Hyun Song Shin, a South Korean economic theorist and financial economist who is the Economic Adviser and Head of Research of the Bank for International Settlements, mentions that the principle behind traditional money is that when more people accept it, it becomes accepted by the society going with the motto “more the merrier” while modern cryptocurrencies do not follow that. Instead, it is the miner and those who pay the miner that decide which currency to generate, and it also spends a huge amount of money among those who are involved in mining the cryptocurrencies thus making it “more the sorrier.” Another problem is that if the capacity is increased then there will be less fees for the miners and they might be dissuaded. Therefore, too narrow or too wide are the two extremes that would render cryptocurrencies problematic to the economy.

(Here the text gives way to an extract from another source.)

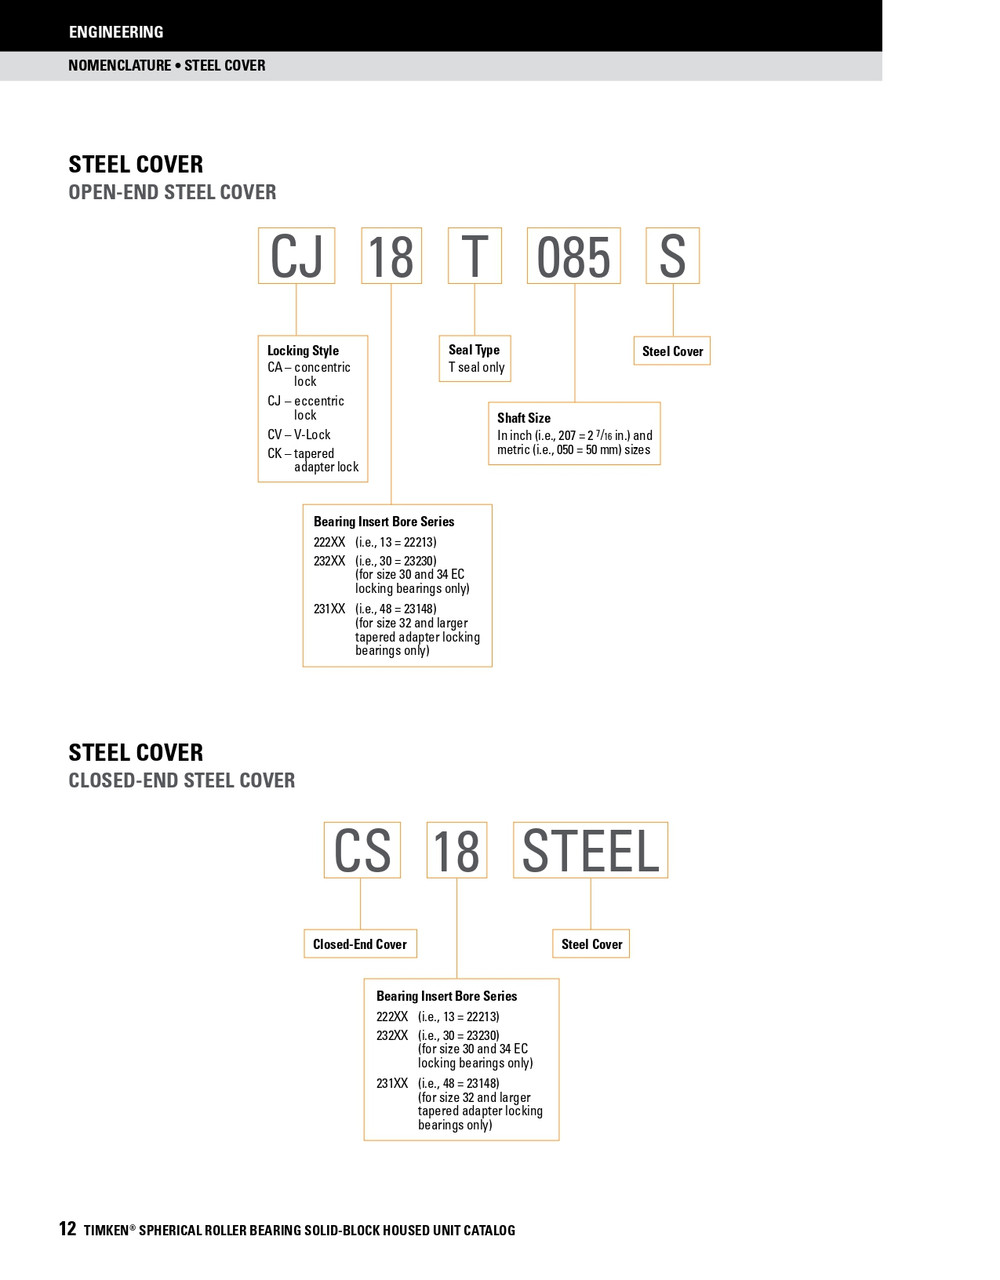 2" Timken SRB Steel Open End Cover w/Teflon Seal - TA/DV Taper Lock Bushing Type  CK11T200S

The report says that even currencies like Bitcoin, well known and widely accepted, should give the world the assurance that it is mined genuinely and there is no deception whatsoever:
“Yet delivering on this promise hinges on a set of assumptions: that honest miners control the vast majority of computing power, that users verify the history of all transactions and that the supply of the currency is predetermined by a protocol.”
Another major problem the report focuses on is the effect of crypto mining on the environment:
“Individual facilities operated by miners can host computing power equivalent to that of millions of personal computers. At the time of writing, the total electricity use of bitcoin mining equalled that of mid-sized economies such as Switzerland, and other cryptocurrencies also use ample electricity. Put in the simplest terms, the quest for decentralised trust has quickly become an environmental disaster.”
Another point of inadequacy of cryptocurrencies is that they do not scale like sovereign moneys. If a cryptocurrency to be a decentralized currency, each and every user should download and verify every transaction made in the history of the currency. Taking Bitcoin as an example, standing roughly at 170 gigabytes, it has practical limitations to verify it in the said manner.
Congestion and the resulting queuing to enter records of blockchain-based cryptocurrencies is yet another scalability issue according to the BIS Annual Economic Report named “Cryptocurrencies: looking beyond the hype.”
“The second key issue with cryptocurrencies is their unstable value. This arises from the absence of a central issuer with a mandate to guarantee the currency’s stability,” according to the report. Since cryptocurrencies are generated by a predetermined protocol their value cannot be adjusted by a central bank or an issuer by controlling the flow of currency.
Mr. Shin says that although cryptocurrencies like Bitcoin cannot be still used as traditional money, distributed ledger technology may have other uses and applications, and until it is fully usable authorities should keep an eye on them in order to prevent abuses during the experimentation stage.